En entrevue à la télévision, la veille, Cole Peterson s’est dit être «déprimé» et «avoir peur de retourner à l’école» et faire face à ceux qui l’ont agressé. Peterson, qui s’avoue être bisexuel et différent de ces étudiants qui l’ont frappé, a dit qu’il ne devrait pas y avoir de place à l’école pour des attaques et des injures homophobes.

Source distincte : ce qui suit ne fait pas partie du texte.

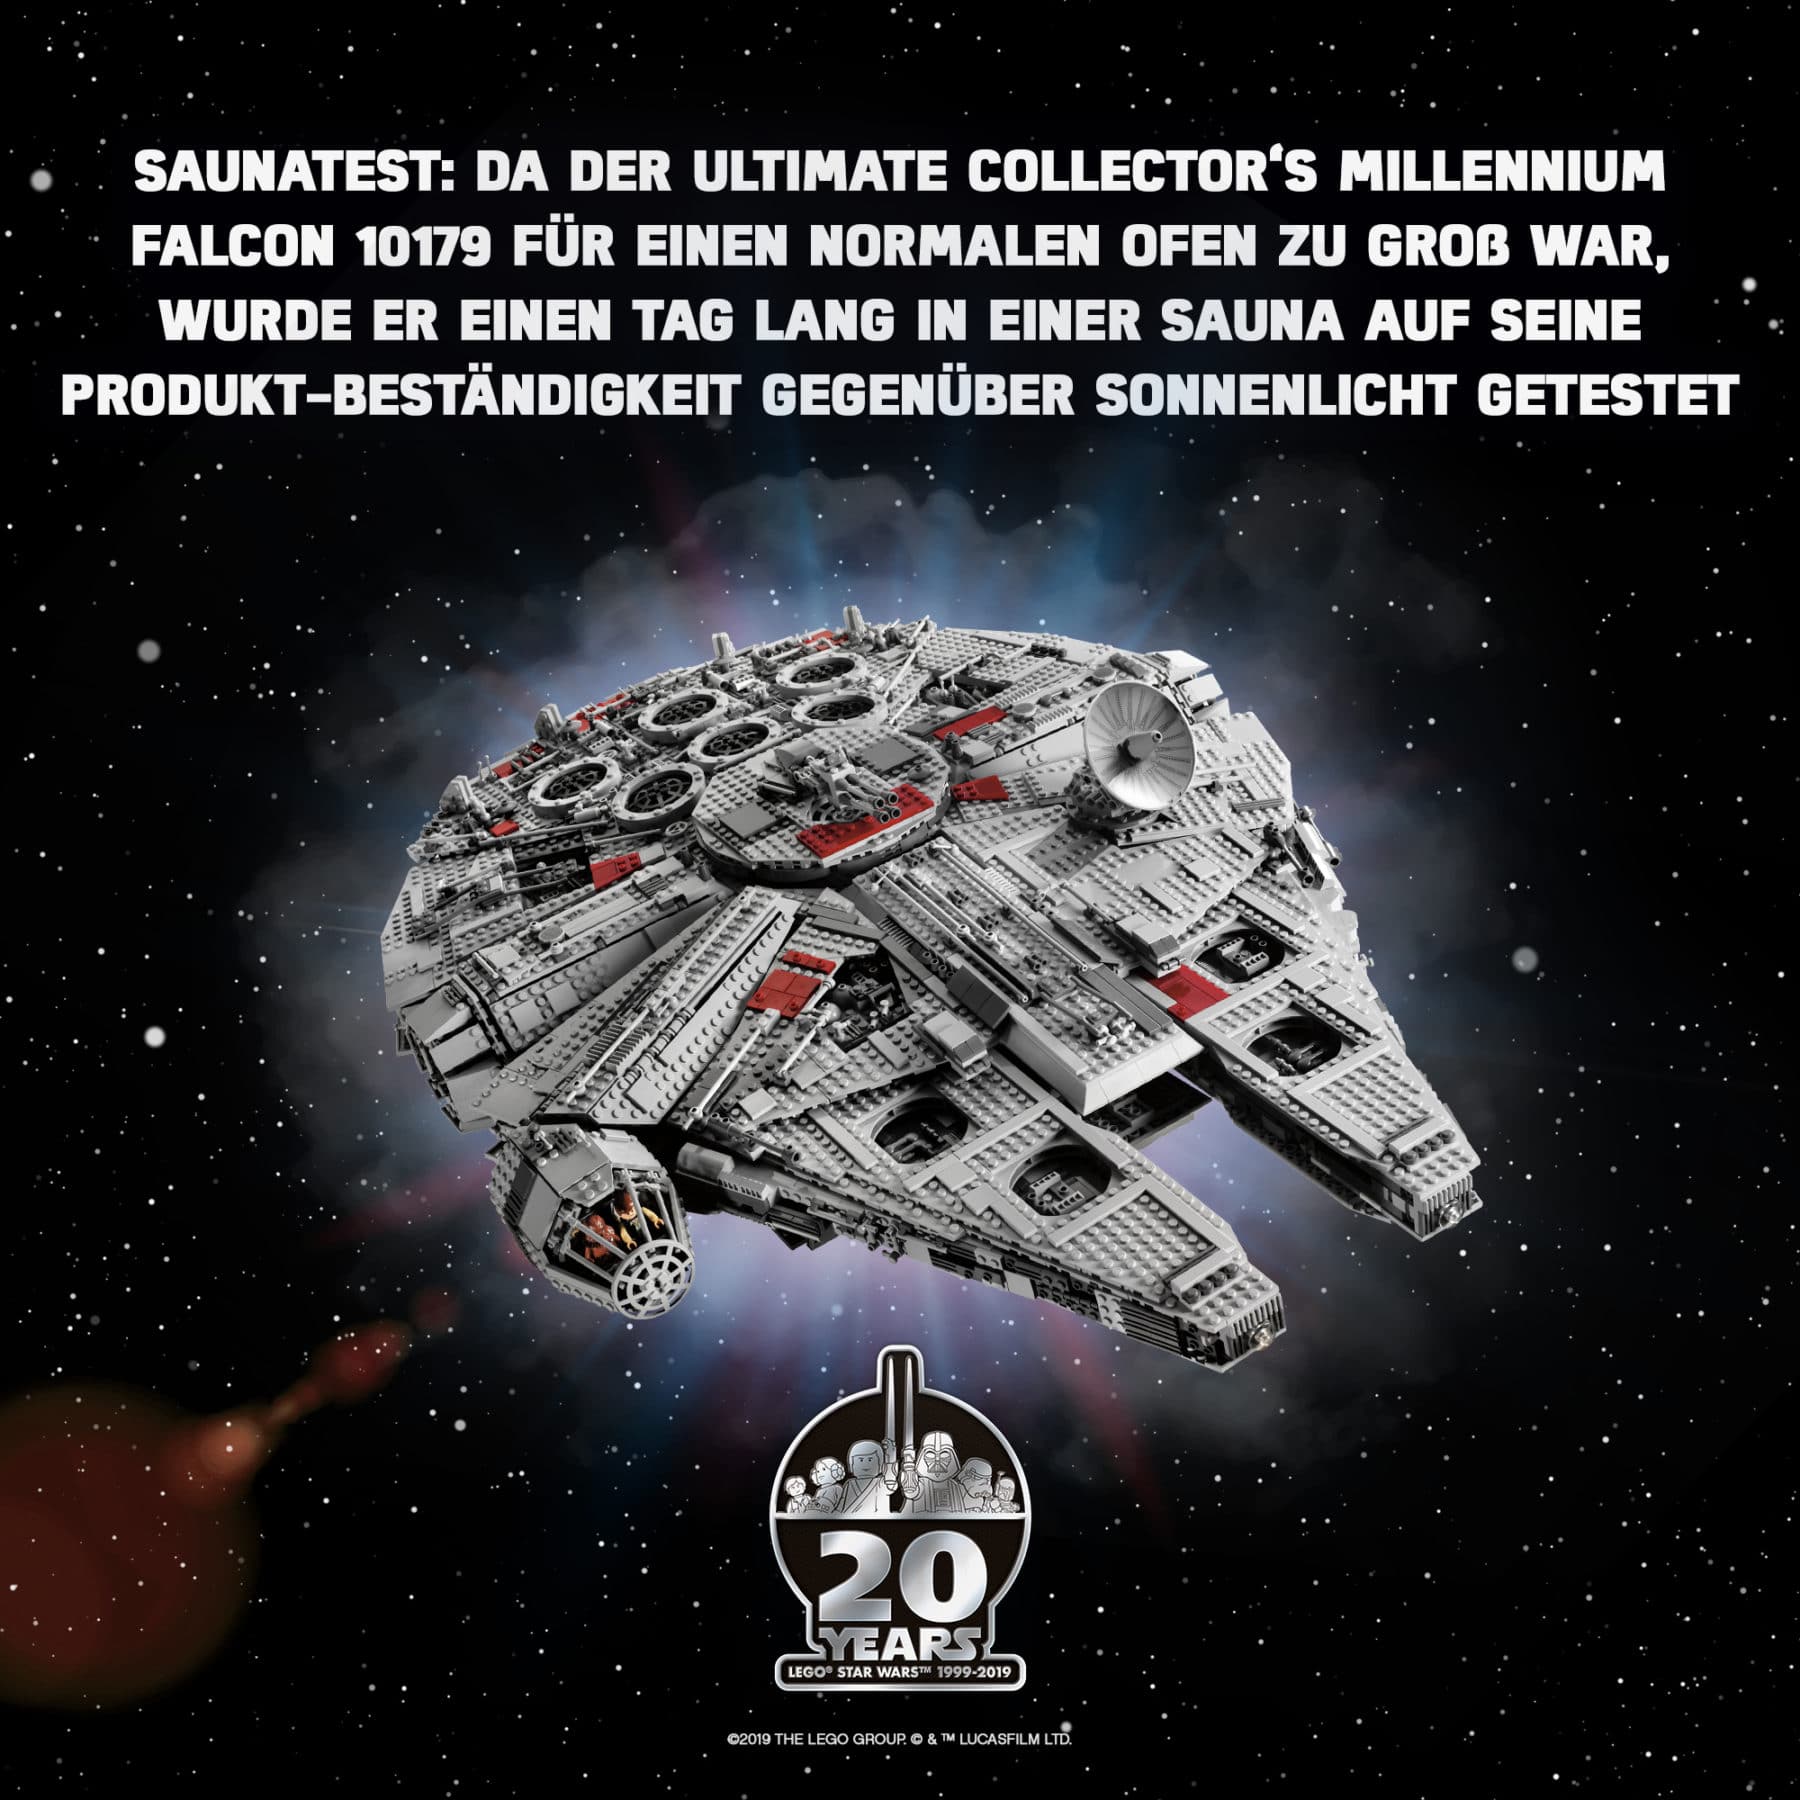 LEGO Star Wars 20th Anniversary Fakten

Avant l’heure du midi vendredi, près de 300 étudiants de l’école secondaire Essex, mais aussi d’autres écoles secondaires de la région, sont venus prêter main forte à Cole Peterson et dénoncer l’intimidation, l’homophobie et la violence qui sévissent dans les écoles secondaires américaines. Certains avaient des pancartes disant «Tous les styles d’amour sont les mêmes» (All Love is the Same) ou encore «Je suis straight, mais pas étroit [d’esprit]». Certains jeunes ont manifesté aussi à l’extérieur de l’établissement scolaire.Les étudiants ont reçu l’appui, également, de Outright Vermont, une organisation de jeunes LGBT.

La police n’a pas voulu commenter sur l’incident de dimanche dernier ni dire si elle procèdera à des interrogatoires ou des arrestations. Pour sa part, le directeur de l’école Essex, Robert Reardon, a dit simplement que «l’intimidation est une problématique sociale». M. Reardon, à l’instar de la police, n’a pas voulu se commettre quant à d’éventuelles sanctions contre les étudiants de l’école si de tels actes surviendraient à nouveau, mais à l’intérieur de l’institution cette fois-ci.